Red dots danced on his HUD as Hsaa searched for a further target. He planted another blast twenty meters further down the next hall and past three bulkheads but couldn't be sure he hit anything. The 'bots must be bringing up jammers because while the shipmap still showed up, he couldn't tell where the enemy was massing. A weapon as indiscriminate as a meson cannon cannot be fired at random, not inside a ship. He needed a target.

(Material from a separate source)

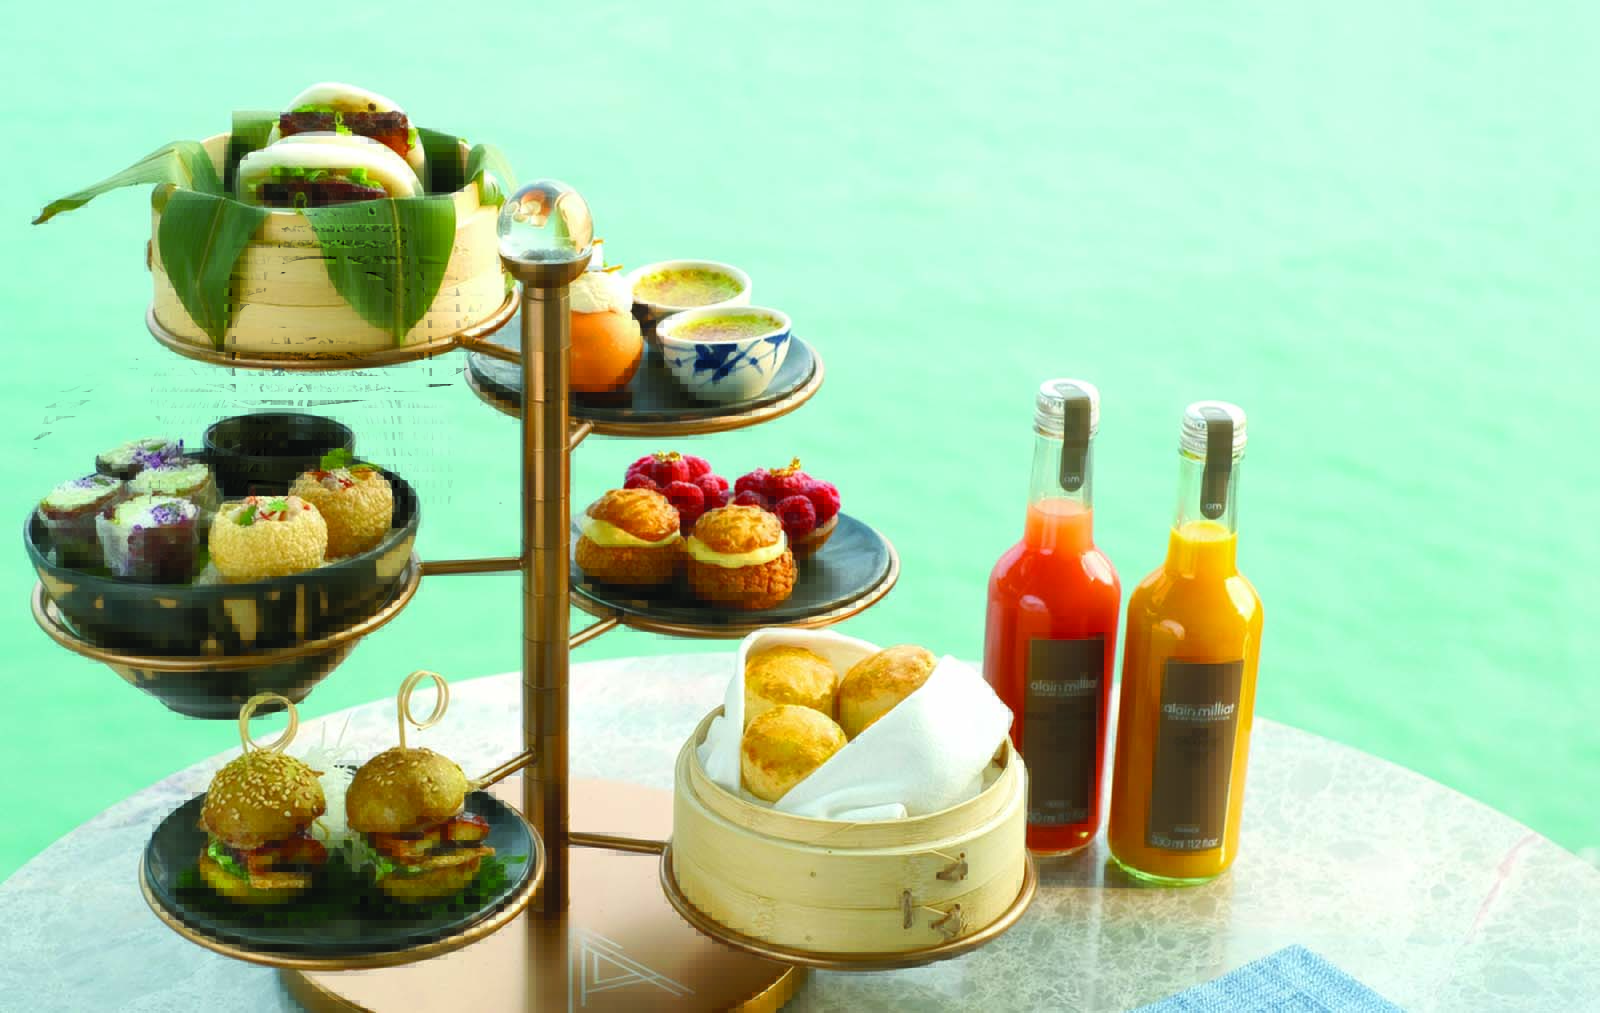 Afternoon Tea by the Harbour at The Commune comes with tasty treats

The deck lurched underfoot and Hsaa's eyes went wide. That wasn't a concussion from a missile detonation or a beam strike. Something had rammed Arowan!

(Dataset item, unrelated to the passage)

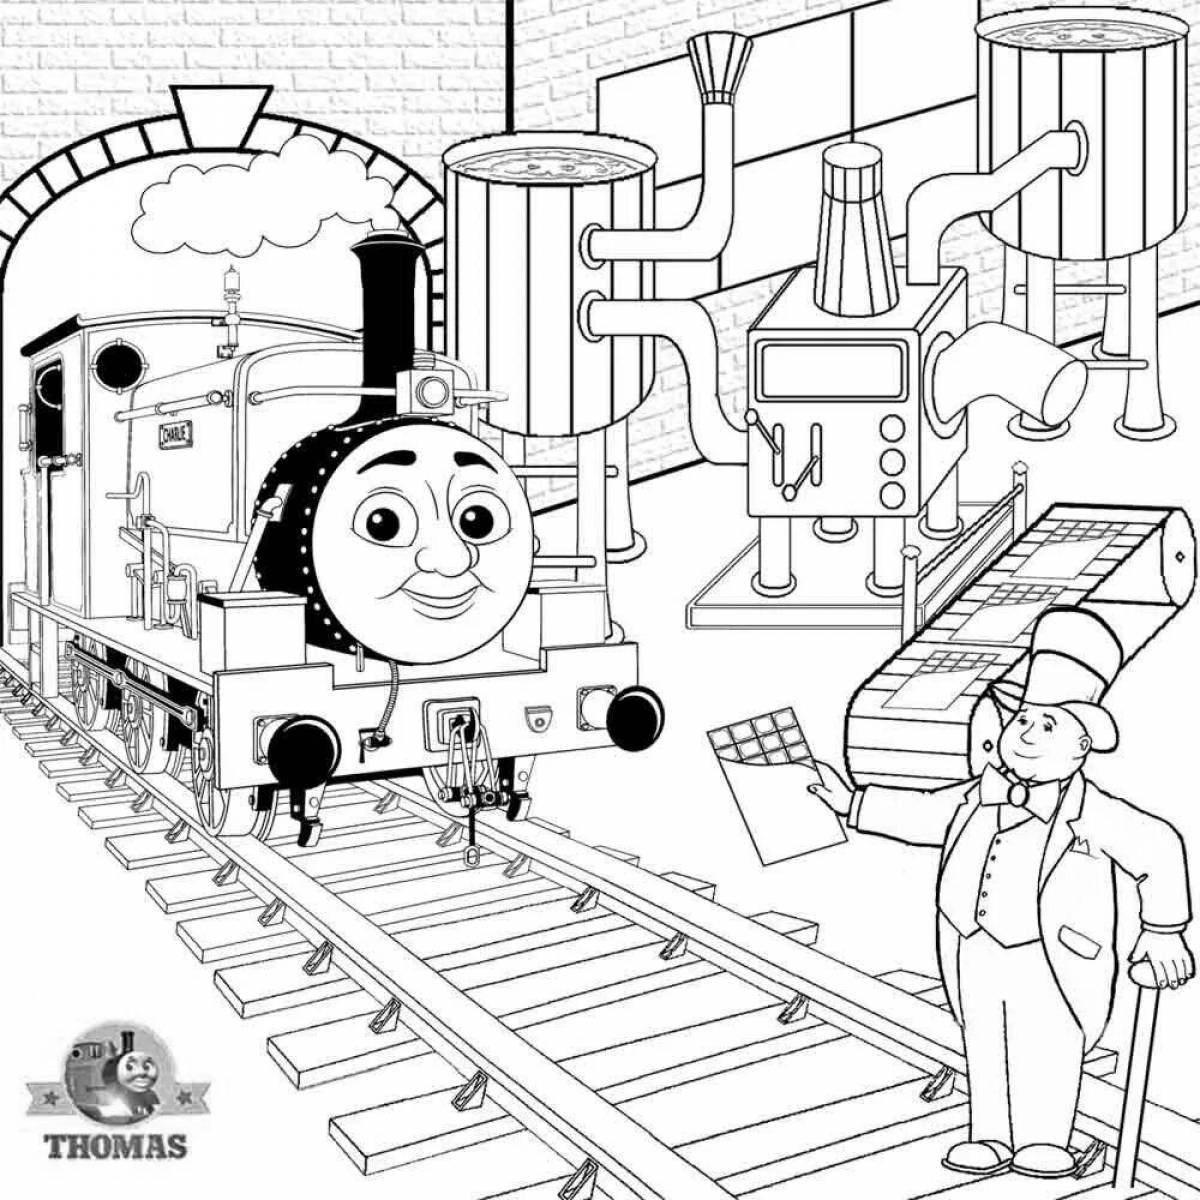 Charlie the engine #5

"Keep firing, Hsaa!" his mate cried, and he sent a speculative shot past a wall and into the space the 'bots had previously occupied. Flying metal limbs showed that he'd hit something, though that might only be junked 'bots. "We have to keep them out of the control decks until the other ships can send help!"
Kayna had been in Command Four when the battle started and had told him that for a change the odds were in their favor. Only eight Ylesh Diamonds stood in the way of six Glory- and two Vendetta- class Command Ships. Vendettas were an early model heavy on beam weapons and armor and protected by massive shields, built early in the war before the kamikaze nature of enemy parasite craft was well understood. Glories were meant more to stay back and launch their great broods of attack ships and fighters, backing them up with long range missile fire and if need be their own potent energy batteries.
Diamonds for their part had little changed since the start of the war. Beautiful and terrifying mountains of metal and crystalalloy shaped like a plumb-bob, they mounted massive spinal energy weapons and launched prodigious swarms of fighters. In the early days of the war the battles against Diamonds had been one-sided slaughters, with the seemingly invincible Enemy motherships advancing though everything the Commonwealth fleets could throw at them to reach optimal beam range.
Times had changed, though, and the combined fire of two Vendettas and missiles from Arowan,Glory Of Kshira and four more Glories converted a Diamond into an expanding sphere of superheated plasma. Return fire fell on the Vendettas, who could surely take it, and then on Kshira when the Vendettas proved frustratingly durable. The Diamonds were and always had been faster than their Commonwealth counterpart and closed at their best speed, knowing that their missile-heavy opponents outclassed them at long range.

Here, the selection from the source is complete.